喫煙(ニコチン)による体重減少とインスリン抵抗性(高インスリン血症)

Nature Med. 4月号から。ノーマンのプレゼン。喫煙は体重を減少させる一方、インスリン抵抗性や高インスリン血症を発症しやくしている。本論文は、ニコチンが白色脂肪細胞のニコチン受容体を介して、AMPKα2を選択的に活性化し、MKP-1をリン酸化し、最終的にプロテアソームにより分解される。ニコチンによりMKP-1が減少すると、通常抑えられていたp38MAPKとJNKの活性化され、それが、インスリンシグナルのIRS1のリン酸化を促し、IRS1の分解とPKBの阻害を引き起こすという。
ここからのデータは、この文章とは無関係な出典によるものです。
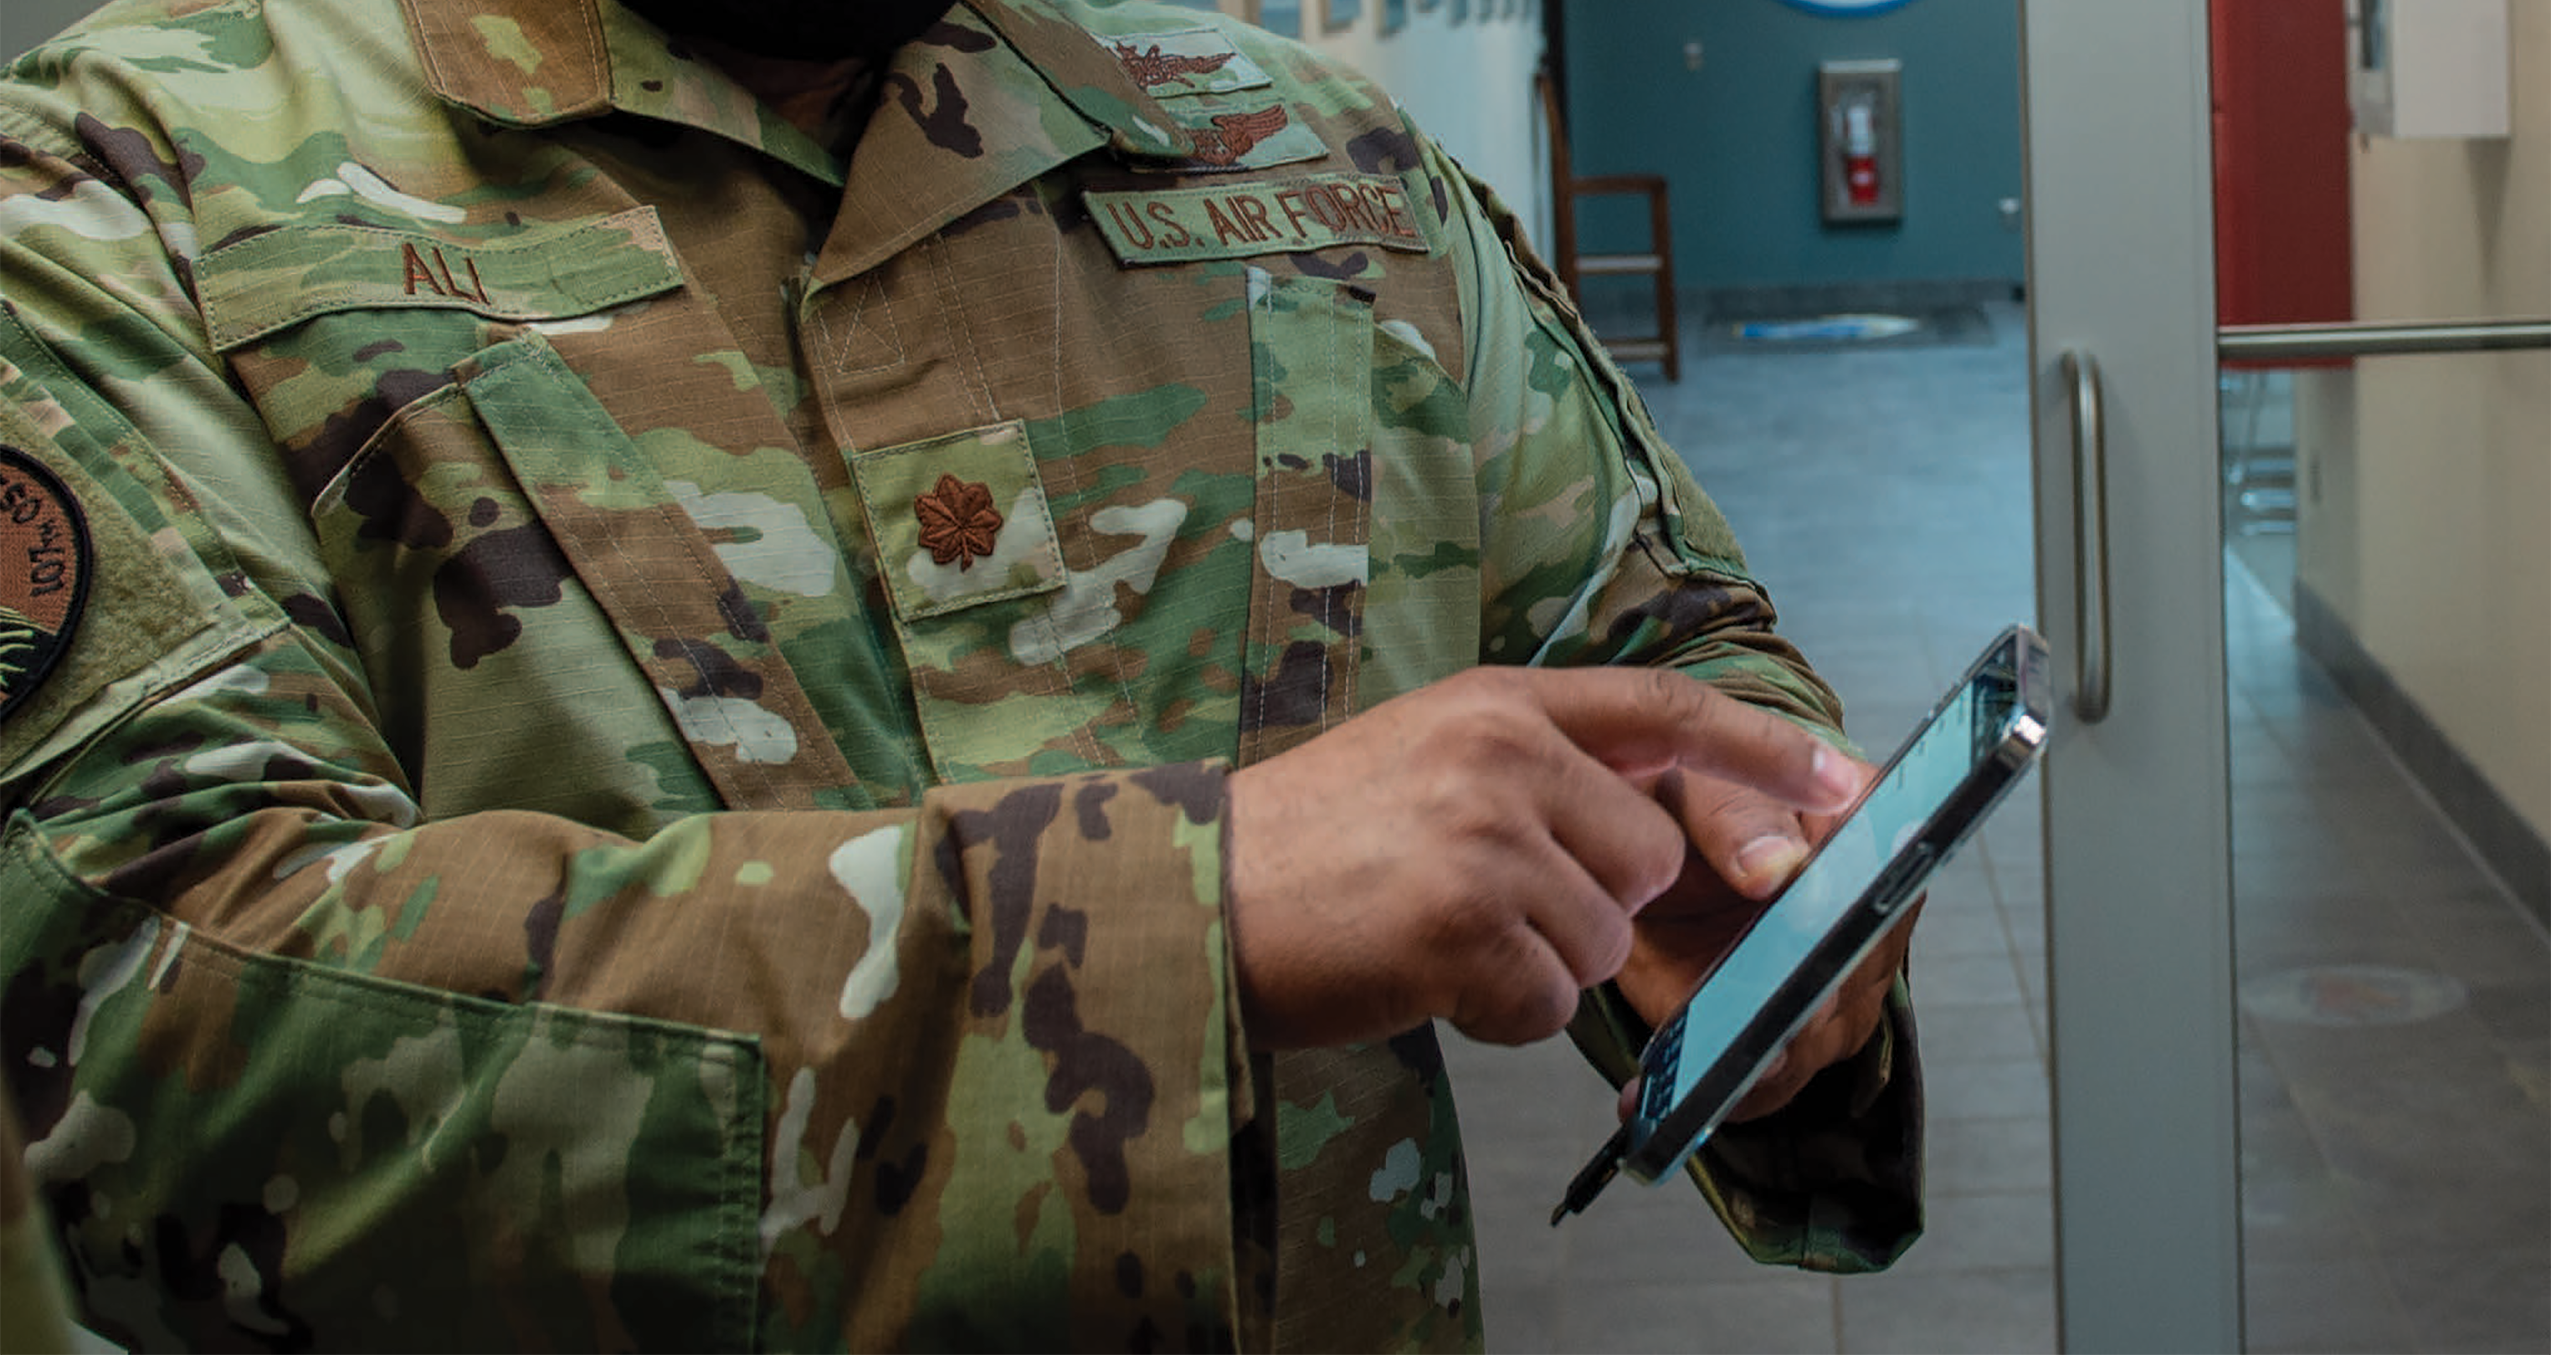 Veteran Talk: Latest Authentication Trends for Service Members in the Field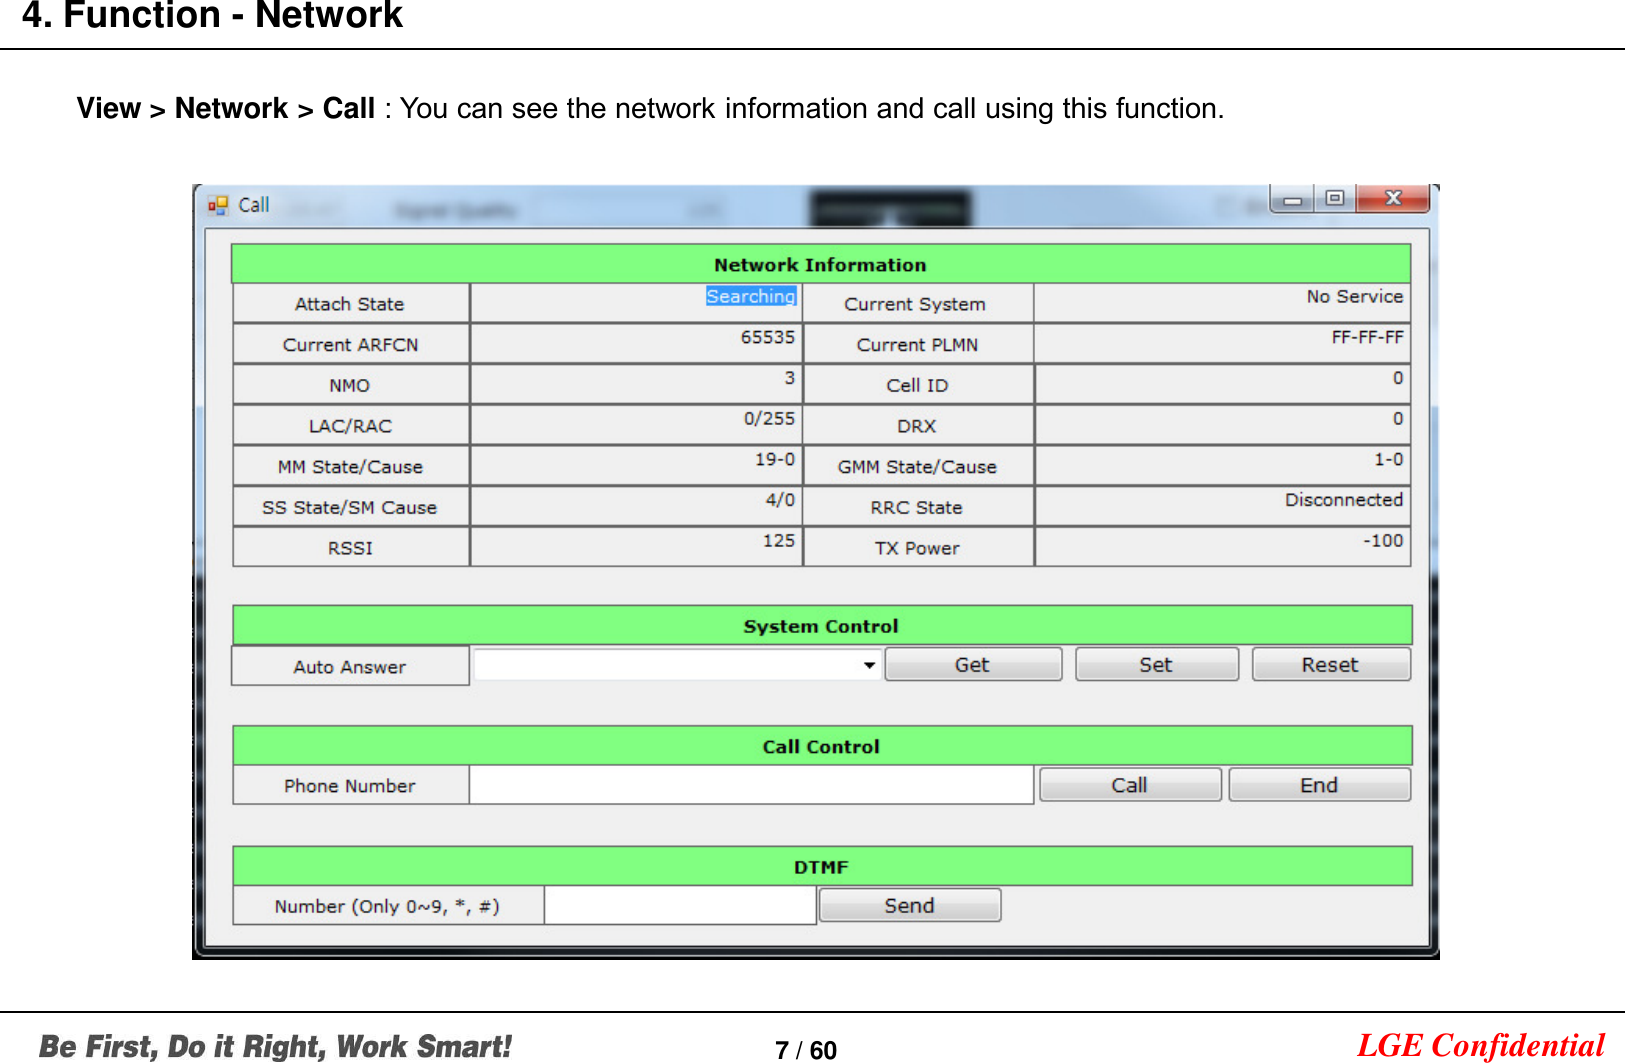 LGE Confidential4. Function - Network7 / 60View &gt; Network &gt; Call : You can see the network information and call using this function.

その結果、インスリンが引き起こす脂肪分解抑制が認められなくなり、脂肪が減少すると共に血液中遊離脂肪酸が増え、インスリン感受性組織でインスリン抵抗性を生じるという。ヒトのデータもクリアに出ており、この知見は間違いないと思う。ニコチン受容体AChRα7が白色脂肪細胞に存在する生理学的な意義は?AChRα7に対する作用がROSを介してAMPKα2を活性化するということは知られていたが、この受容体がROSを発生させるメカは?

 

いずれにせよ、喫煙はがんだけでなく糖尿病の発症にもつながり、また、ニコチン(ガム)もやせの目的に使用するのはまずいという話。